Исповедь отшельника
Еще через год Мире такая жизнь не просто надоела – обрыдла. Хотелось нормальной. Но Салихов ничего не слушал. Он упивался своим шутовством. Деньги уже делали сами себя, зарабатывать их не надо, гонками, яхтингом, путешествиями Салихов не увлекался. Потребности сексуальные имел весьма и весьма скромные. Ему просто нечем было бы себя занять, если прекратить игру. Но жене выйти из его игры он тоже не позволял. И если Мира начинала капризничать, отвергала подношения и заявляла, что с нее хватит, раздевал супругу донага и выставлял за порог. Говорил, не нравится что-то, не держу, уходи. Но в таком виде, в котором пришла. Твоего тут ничего нет, все мое. И она оставалась, потому что привыкла к богатству и опеке. Она на тот момент была такой же, как ее бабка при дедушке. Ничего не умела и не знала, где платить за квартиру, а главное – чем. Она бросила институт, когда вышла замуж за Салихова. Да и что бы диплом изменил? Времена не изменились. Кандидаты наук с радостью соглашались полы в банках мыть, да только попробуй еще туда устройся.

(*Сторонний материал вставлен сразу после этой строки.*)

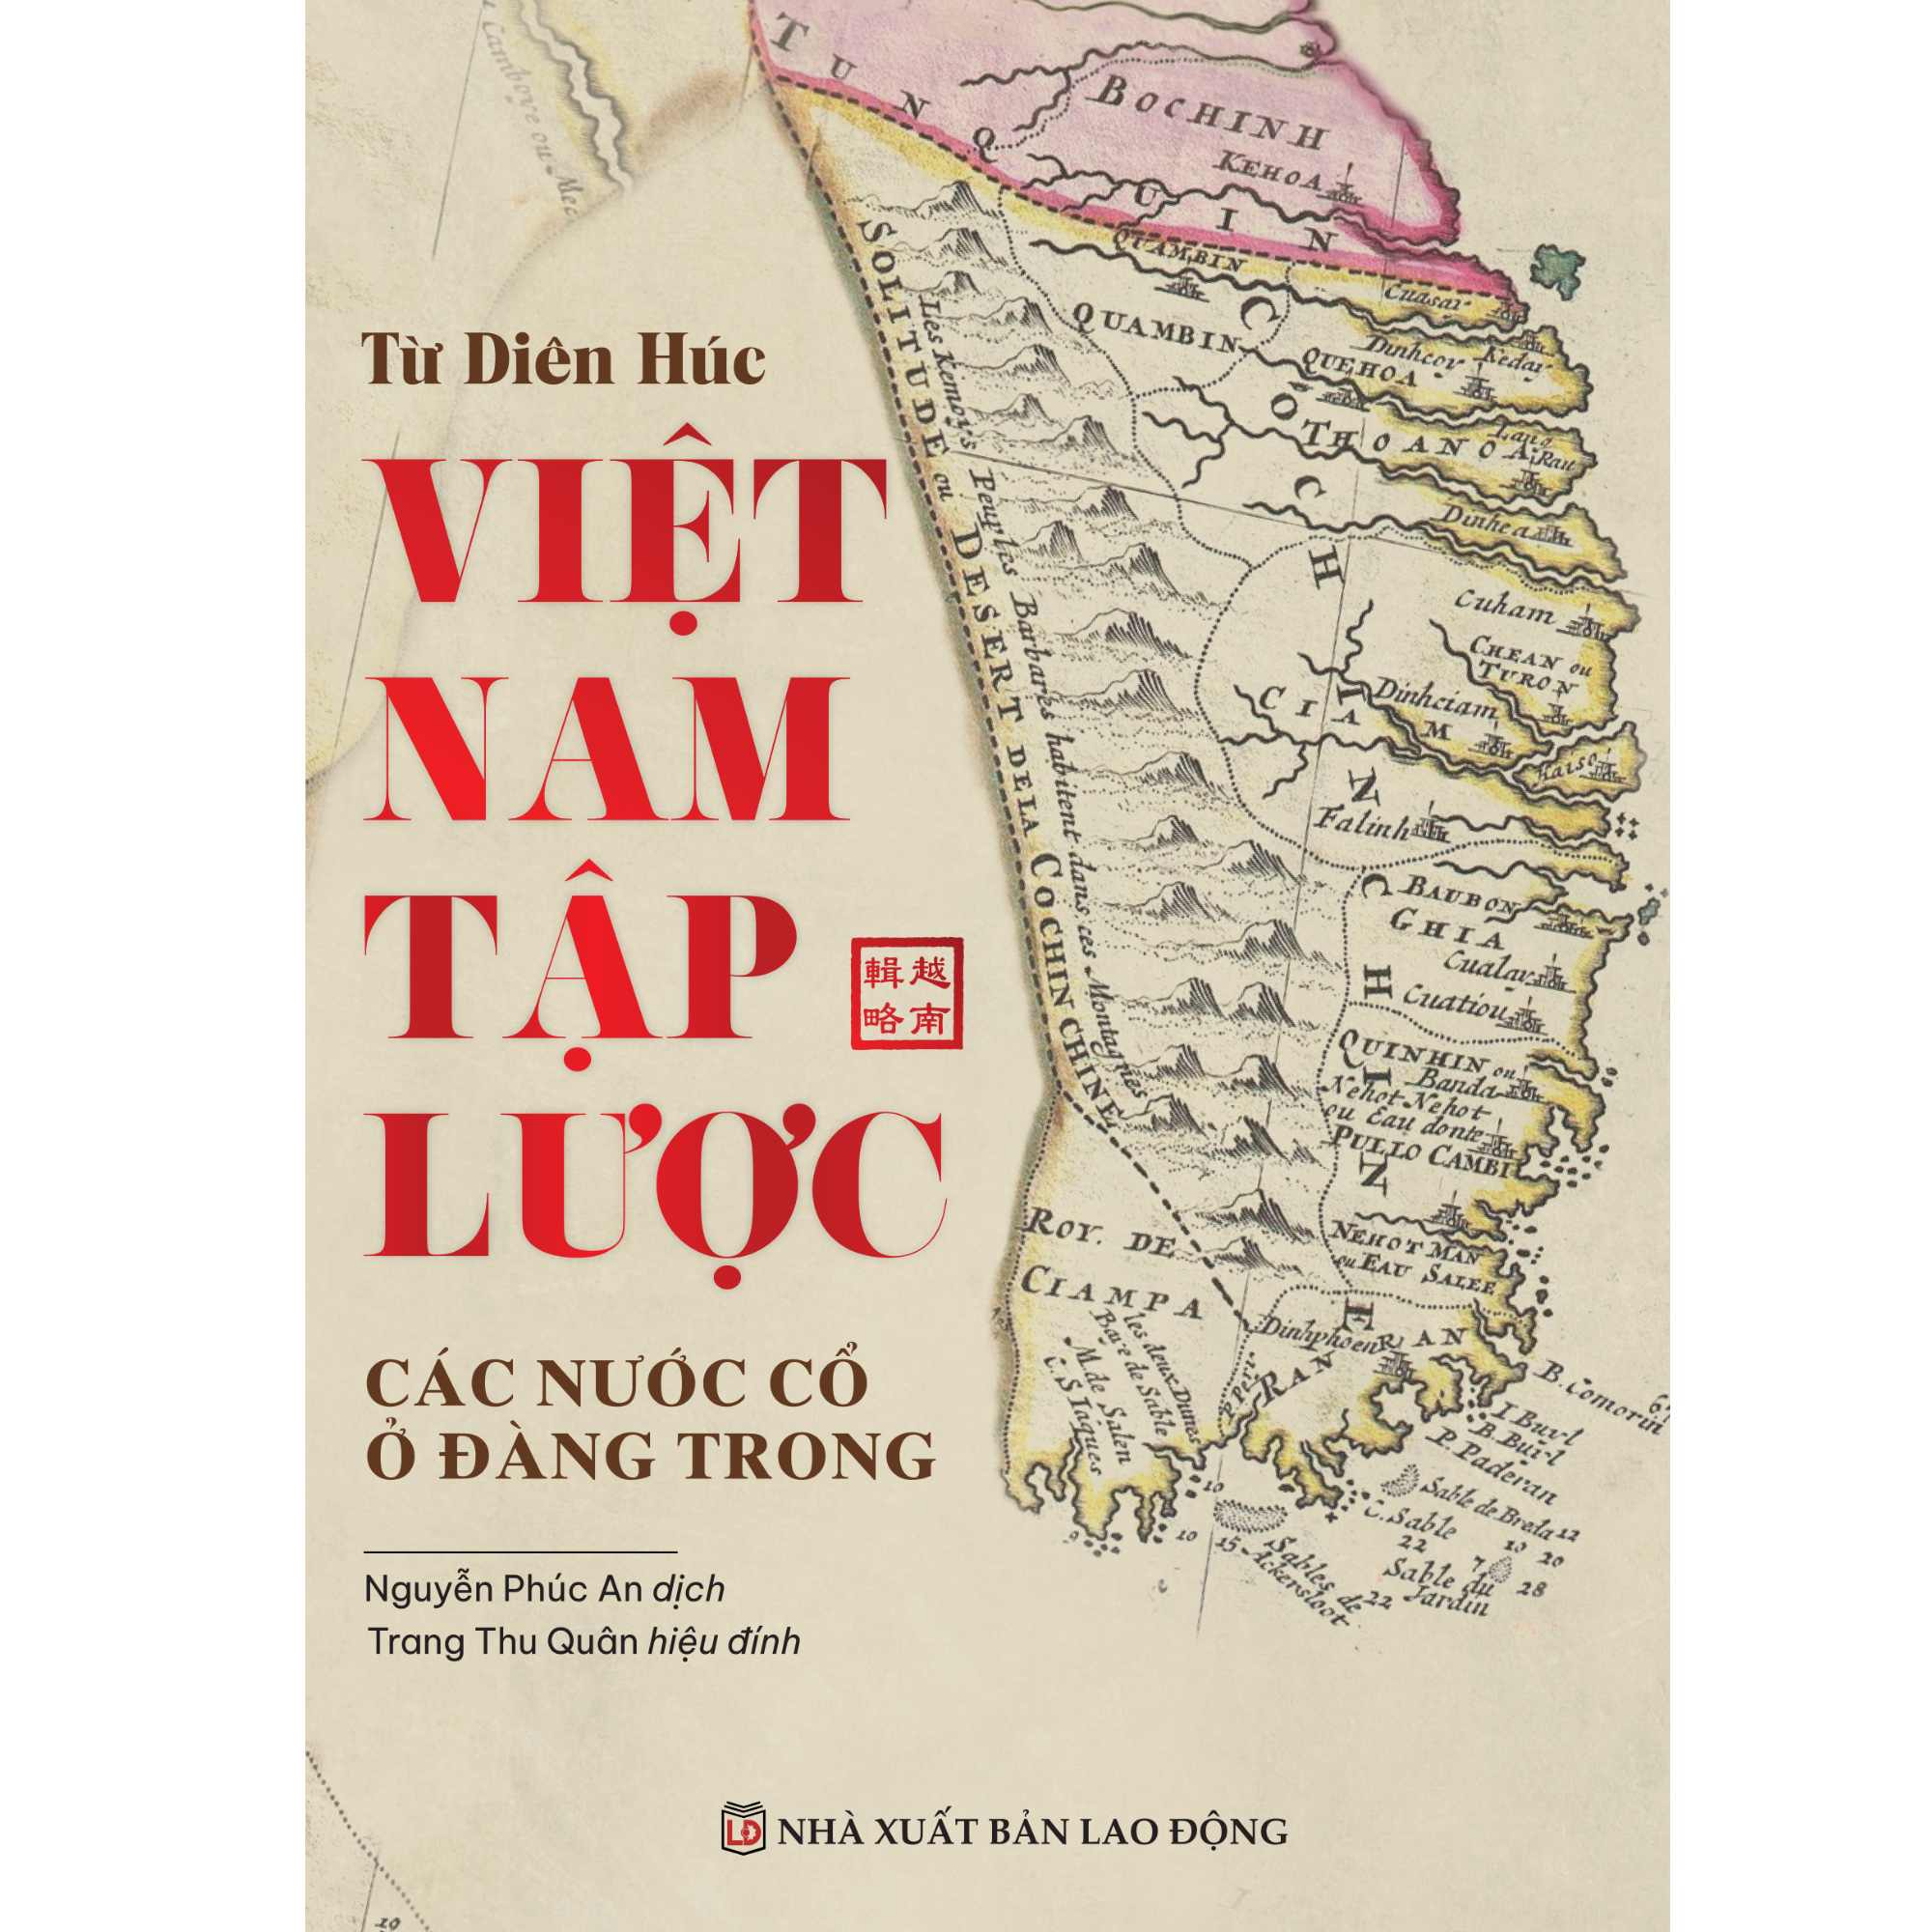 Việt Nam Tập Lược - Các Nước Cổ Ở Đàng Trong (TTT)

– Сдохнешь от голода, как твои папаша с мамашей, – вторил ее мыслям Салихов. – Или шалавой станешь. Да только на большие гонорары не рассчитывай, в постели ты бревно…
В своей половой слабости он винил Миру. Считал, что она не может его разжечь, а была бы на ее месте нормальная баба, он бы своим членом как плугом вспахивал.
Они прожили еще год. Мира начала пить наравне с мужем, а чудить даже больше, чем он. Веселилась на грани истерики. Потом рыдала, резала свои соболя, крушила старинный фарфор. А Салихов только ржал, ему нравилось это. И нравилась отвязная Мира. Поэтому не давал ей уйти, когда она пыталась покончить с собой. Поняв, что ее смерть не разлучит их, госпожа Салихова решилась на убийство мужа.
Он любил лошадей. Не так чтобы сильно, но держал именно этих животных. В его конюшне обитало четыре породистых скакуна и две кобылки. Пьяным он любил кататься по двору на ком-то из них. Обычно на Шахе, самом красивом и дорогом. Когда муж взгромоздился на Шаха в очередной раз, Мира всадила в бедро коня укол адреналина. Жеребец взвился и понес. Салихов не был хорошим наездником, да и находился в стадии сильного алкогольного опьянения, поэтому не удержался в седле. Грохнулся на землю…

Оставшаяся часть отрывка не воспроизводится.